Since we were birdwatching on this side of the river ie. along it, outside the park per say, we didn't have to pay the required entrance fee to the park! Yes, it was free!!!

Niah River meanders thru the park to form the boundary between park headquarters and the park grounds proper. There's a well-used (used to be) path from the park hq to Batu Niah town right alongside the river banks, it's concrete all the way to Batu Niah. This path was our target this time around. All 3 kms of it.

The trailhead from Batu Niah entrance ... concrete all the way to the park, interspersed with fruit orchards and a few village houses.

... and friendly dogs.

Having birdwatched in Niah before, we noticed how much harder it was to pick out birds from dense foliage within the park itself, you can always hear the birds but hardly ever see them without putting a real effort. The Chestnut-rumped Babbler we ticked off previously on a preivious visit was called out before we had a good positive look at it.

Along this path however, they are numerous breaks in the forest cover along the way, the first kilometer is probably the most fruitful for birds being a distance away from the kampung and still retaining some of the original riverine cover. The rest is an easy trek to Batu Niah.

We took almost two hours to complete the full trail, spending time spying for birds along the way. The walk back to the park from Batu Niah took us a full 20 minutes to the park headquarters, without the birdwatching of course.

The first patch just outside the back fences of the park boundary was actually a cleared forest planted with fruit trees such as nangka, cempedak, tarap and the like. There were still a few stands of large original cover. This was perhaps the most productive spot being rather bright.

We have spotted the following birds in this area: broadbills, spiderhunter, drongos (2 species), treeswift, bulbul, hornbill, barbet, fantail and numerous sunbirds.

On this particular outing we sighted Scarlet minivet (a group of 3 individuals male, female and a likely juvenile); Pacific swallow, Cream-vented bulbul, and Yellow-vented bulbul. We heard Common tailorbird, barbet sp., fantail sp., drongo sp. and broadbill sp. but were unable to locate where they were calling from. The barbet was definitely high up in the tall trees.

As we moved further into the shadier trails, we spotted a bird we have not seen before for a while. After much peering into the dark foliage, we made out at least three birds. Upon further examination we had a good look at two of the birds. One individual decided to fly across the Niah river.

The ones that stayed behind were positively id as a resplendent male Diarde's Trogon and a slightly smaller Scarlet-rumped Trogon. We surmised that the third that flew away was also a Scarlet-rumped Trogon based on it's call. What are the odds of that? Both birds were lifers for Rosie and Amer.

As we walked on further thinking the day could not get any better we stumbled upon a group of babblers stealthily moving inside the fairly dense foliage next to the trail.

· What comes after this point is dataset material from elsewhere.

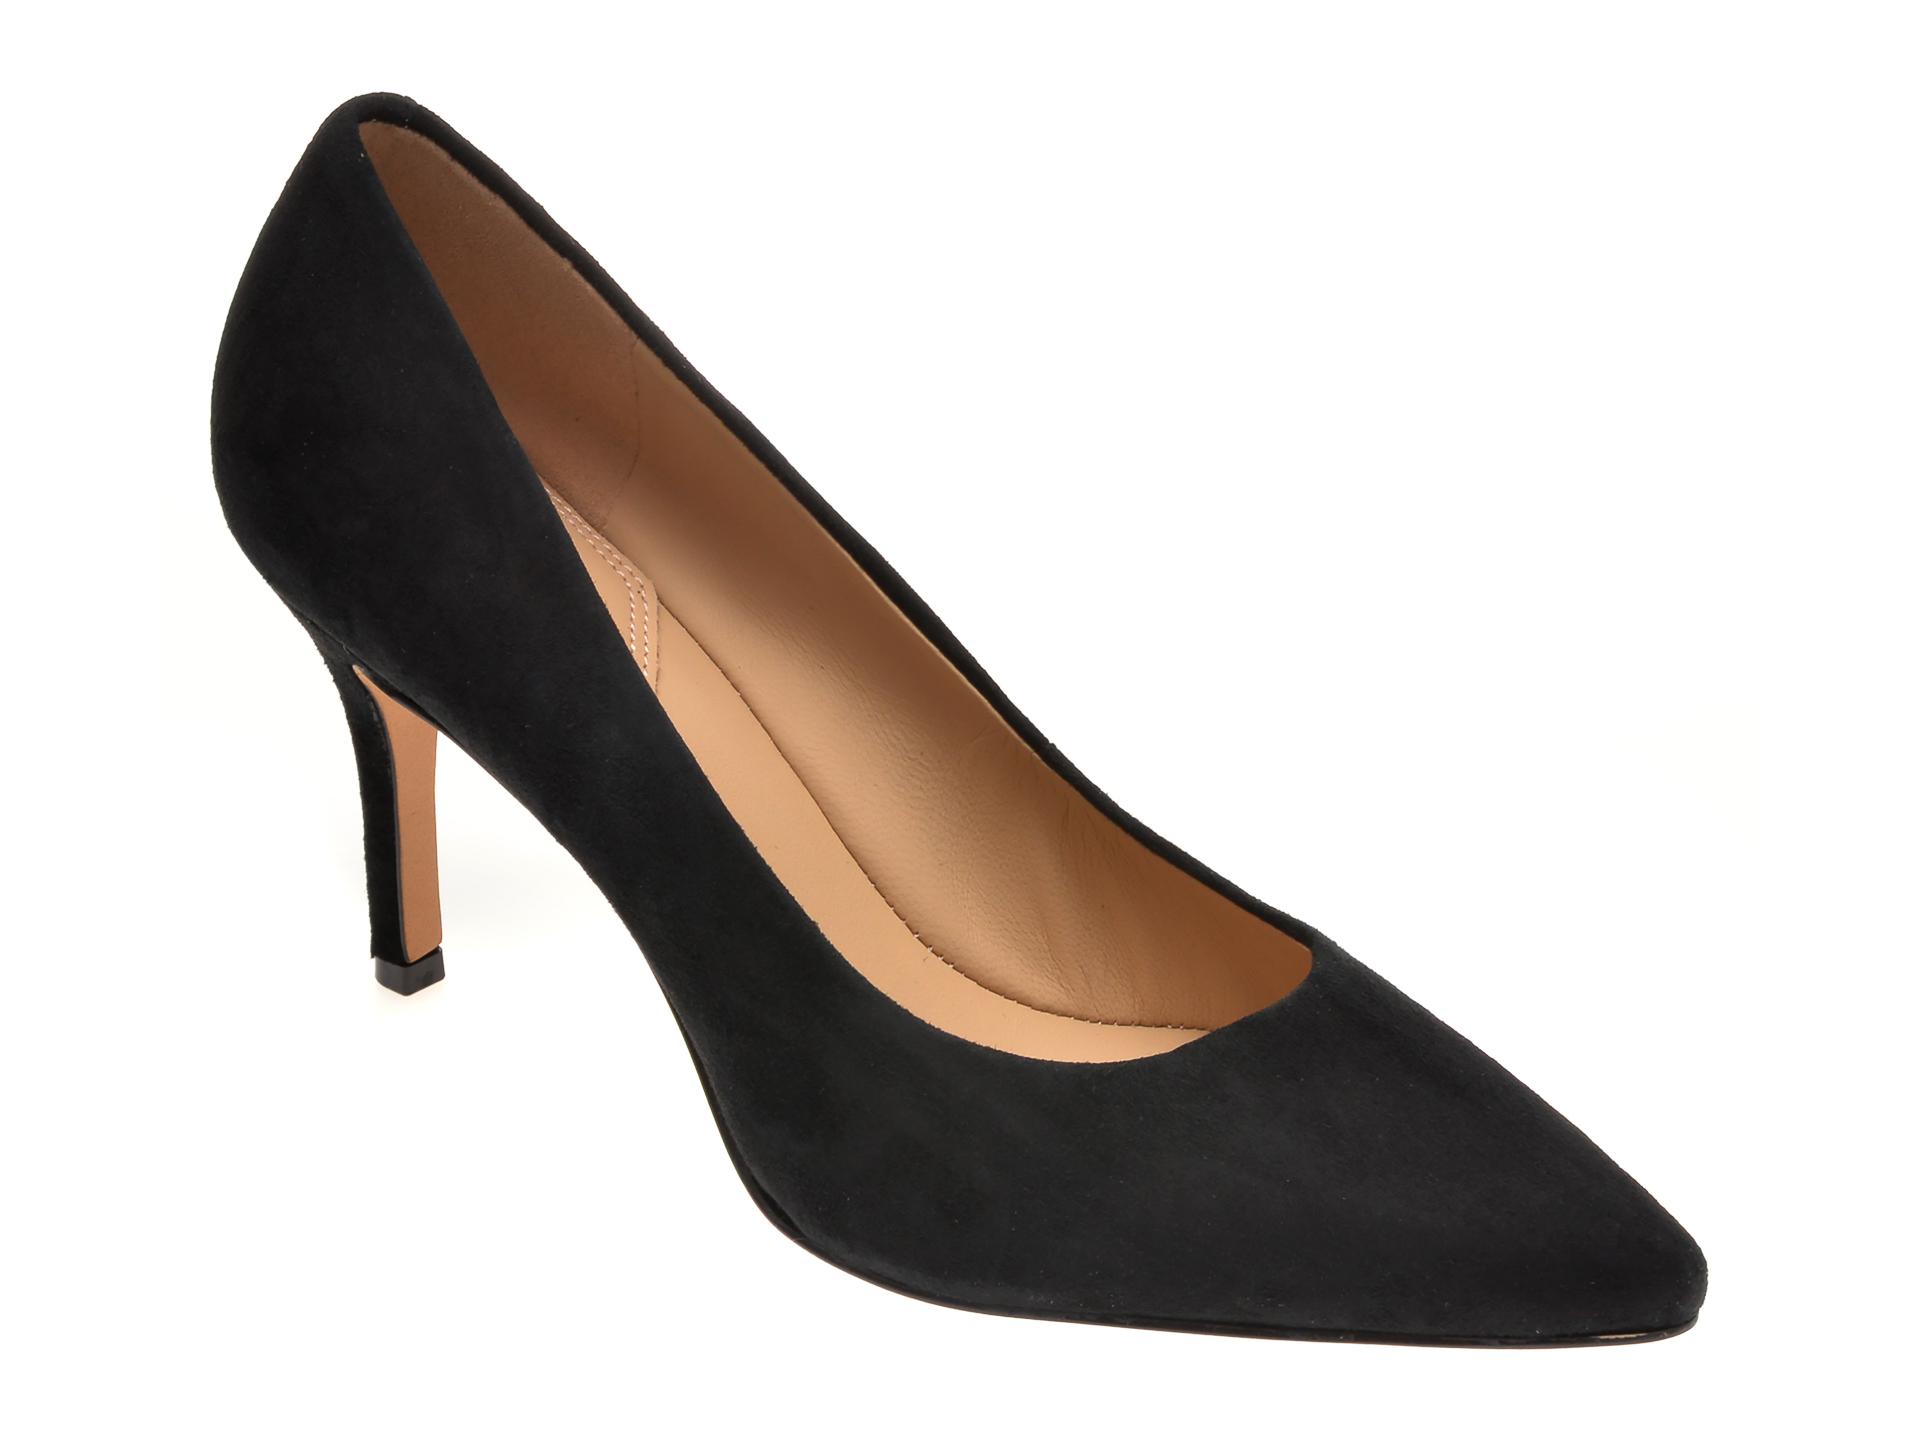 Pantofi ALDO negri, Coronitiflex001, din piele intoarsa imagine otter.ro

We almost did not bother until we heard the sounds of juveniles nearby.

Upon closer look indeed it was confirmed that one of the adults birds was feeding young inconspicously hidden behind some leaves inside a nest. The bird kept flying in and out of something which looked more like a clump of brown dead leaves than a babbler's nest. We confirmed id as Chestnut-winged Babbler having been given full view of the adult birds as it flew in and out to feed the youngins. We were completely stoked by then.

In that clump of dry leaves precariously hanging on live twigs is a Chestnut-winged Babler's nest. Juveniles were heard from inside as adults birds flit in and out bringing morsels of food.

The rest of the walk to Batu Niah was not as eventful other than several squirels playing catch and several appearances of the ever present Cream-vented Bulbul across our path. As we moved closer towards Batu Niah, the vegetation turned to oil palm, and more fruit trees mostly of rambutan, durians and tarap.

The short but sweet birdwatching outing at Niah NP ended with hearty lunch and ABC for desert at Batu Niah town.

Though we did not tick any of the globally threatened species listed above this time around, we will definitely do this trail again if only for the trogons and babblers we spotted! On second thoughts, the Blue headed Pitta could just be the reason to go back and soon.